In the following results (check below), beta1 (y-intercept) = -0.65207 and beta2 (slope) = 0.37613. The beta1 value shows when x = 0 (education), then mean income = -0.65207. The beta2 value shows as education increases by every 1 year, then mean income increase by 0.37613 units. Sigma = 2.52513 is the residual standard error. This result suggests there is a positive correlation between education and income. Those with higher education will have a higer mean income.
library(Zelig)
data(turnout)
head(turnout)
ols.lf <- function(param) {
beta <- param[-1]
sigma <- param[1]
y <- as.vector(turnout$income)
x <- cbind(1, turnout$educate)
mu <- x%*%beta
sum(dnorm(y, mu, sigma, log = TRUE))}
library(maxLik)
mle_ols <- maxLik(logLik = ols.lf, start = c(sigma = 1, beta1 = 1, beta2 = 1))
summary(mle_ols)
## --------------------------------------------
## Maximum Likelihood estimation
## Newton-Raphson maximisation, 12 iterations
## Return code 2: successive function values within tolerance limit
## Log-Likelihood: -4691.256
## 3 free parameters
## Estimates:
## Estimate Std. error t value Pr(> t)
## sigma 2.52613 0.03989 63.326 < 2e-16 ***
## beta1 -0.65207 0.20827 -3.131 0.00174 **
## beta2 0.37613 0.01663 22.612 < 2e-16 ***
## ---
## Signif. codes: 0 '***' 0.001 '**' 0.01 '*' 0.05 '.' 0.1 ' ' 1
## --------------------------------------------
summary(lm(income ~ educate, data = turnout))
##
## Call:
## lm(formula = income ~ educate, data = turnout)
##
## Residuals:
## Min 1Q Median 3Q Max
## -6.2028 -1.7363 -0.4273 1.3150 11.0632
##
## Coefficients:
## Estimate Std.
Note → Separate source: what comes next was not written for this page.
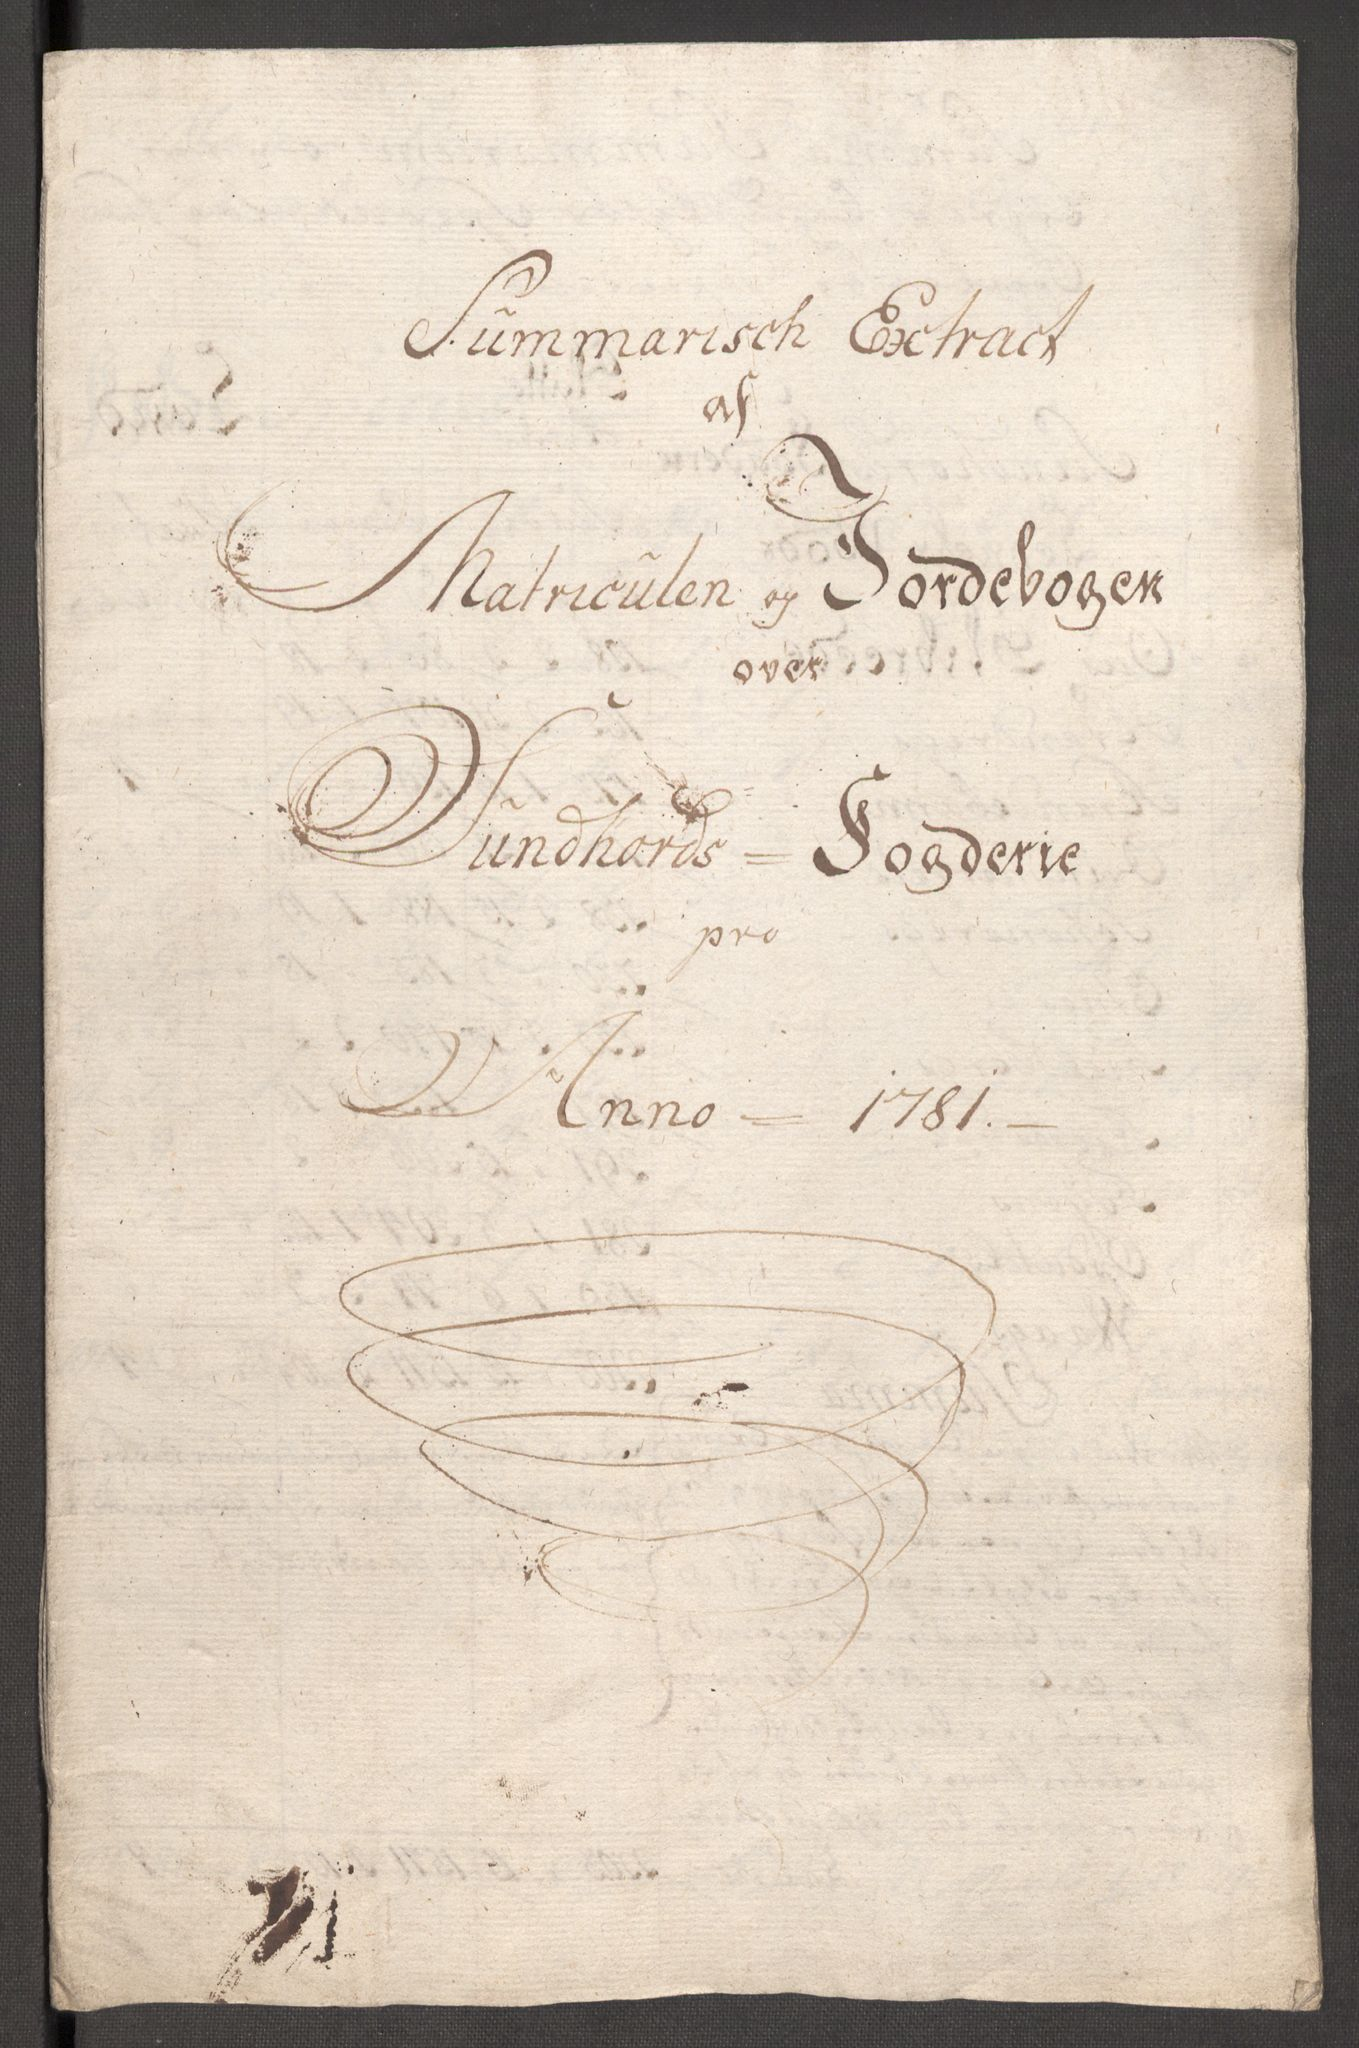 RA, Rentekammeret inntil 1814, Reviderte regnskaper, Fogderegnskap, R48/L3097: Fogderegnskap Sunnhordland og Hardanger, 1781, s. 44

Error t value Pr(>|t|)
## (Intercept) -0.65207 0.21016 -3.103 0.00194 **
## educate 0.37613 0.01677 22.422 < 2e-16 ***
## ---
## Signif. codes: 0 '***' 0.001 '**' 0.01 '*' 0.05 '.' 0.1 ' ' 1
##
## Residual standard error: 2.527 on 1998 degrees of freedom
## Multiple R-squared: 0.201, Adjusted R-squared: 0.2006
## F-statistic: 502.8 on 1 and 1998 DF, p-value: < 2.2e-16
In the following results (check below), theta1 (y-intercept) = 1.461011 and theta2 (slope) = 0.109081. The Mu = 3.516764 is the mean income. The theta1 value shows when x = 0 (education), then the standard devation of income = 1.461011. The theta2 value shows as education increases by every 1 year, then standard deviation of income will increase by 0.109081 units.This result suggests there is a positive correlation between education and income inequality. Those with higher education will have a higher variation in income.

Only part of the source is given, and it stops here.